Innovation drives economic growth. Businesses invest in patents and trade secrets to develop new processes and products, making intellectual property (IP) protection methods more crucial than ever.
While both offer advantages, the choice depends on the nature of the invention, business strategy, and long-term goals. In the Philippines, the Intellectual Property Code (IPC) governs these rights, further providing guidelines for proper IP protection for your brand.
As such, this article will help you understand the basics of patents and trade secrets, their key differences, and which protection method best suits your business.
What is a Patent?
A patent is granted to provide rights and protection to the inventor after an invention is disclosed to the public. It also seeks to restrain and prevent unauthorized persons from unjustly profiting from a protected invention.1
To obtain a patent, an invention must meet three key criteria:
- Novelty – An invention shall not be considered new if it forms part of a prior art (Section 23, Chapter II, Part II, IP Code)
- Inventive Step – An invention involves an inventive step if, having regard to prior art, it is not obvious to a person skilled in the art at the time of the filing date or priority date of the application claiming the invention. (Section 26, Chapter II, Part II, IP Code)
- Industrial Applicability – An invention that can be produced and used in any industry shall be industrially applicable. (Section 27, Chapter II, Part II, IP Code)
Patents grant the owner the exclusive right to use, license, or sell the invention for 20 years from the filing date.2 However, patents require full disclosure of the invention, meaning competitors can access detailed information once the patent expires.
What is a Trade Secret?
In Air Philippines Corporation v. Penswell, Inc., the Court emphasized that a trade secret is defined as a plan or process, tool, mechanism or compound known only to its owner and those of his employees to whom it is necessary to confide it. The definition also extends to a secret formula or process not patented but known only to certain individuals using it in compounding some article of trade having a commercial value.3
Article 4(g) of the IP Code includes “protection of undisclosed information” under the term “intellectual property rights”, which includes trade secrets. Unlike patents, trade secrets are not registered with IPOPHL and do not require public disclosure.
Trade secrets can last indefinitely, provided confidentiality is maintained. This is how the Coca-Cola company protects its decades-long brand identity.
Patent vs. Trade Secret: Which Should You Choose?
Choosing between a patent and a trade secret depends on various factors, including the nature of the innovation and business goals. Here’s a comparison:
- Duration: Patents offer protection for 20 years, while trade secrets last indefinitely if kept confidential.
- Disclosure: Patents require full disclosure, while trade secrets remain confidential.
- Legal Protection: Patents provide legal enforcement, preventing others from using the invention. Trade secrets rely on contractual agreements and internal security measures.

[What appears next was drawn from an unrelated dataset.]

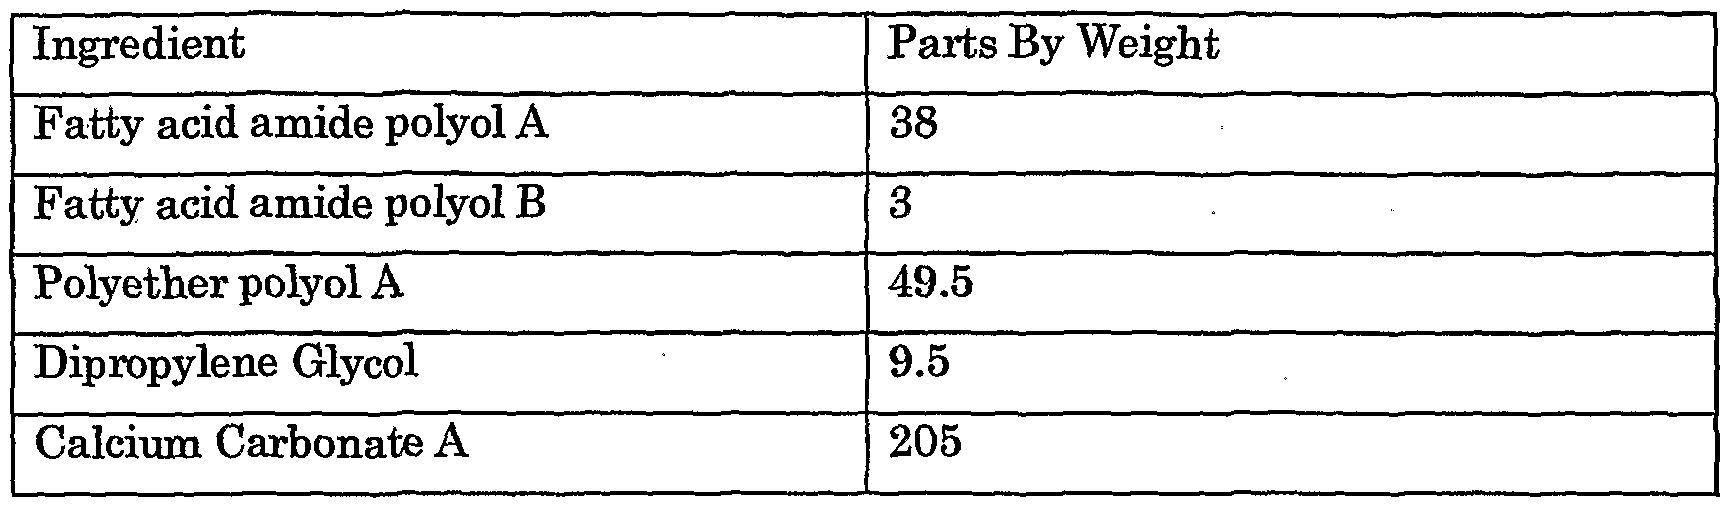 WO2005123798A1 - Polyurethane carpet backings made using fatty acid

If your brand requires confidentiality to maintain its quality and identity over time, then trade secret protection is better for you. Otherwise, having it patented is the proper recourse.
Conclusion
Understanding the differences between patents and trade secrets helps businesses make informed decisions about protecting their innovations. A patent may be the best option if your invention can be reverse-engineered or requires strong legal protection. A trade secret is preferable if confidentiality can be maintained since public disclosure would reduce competitive advantage.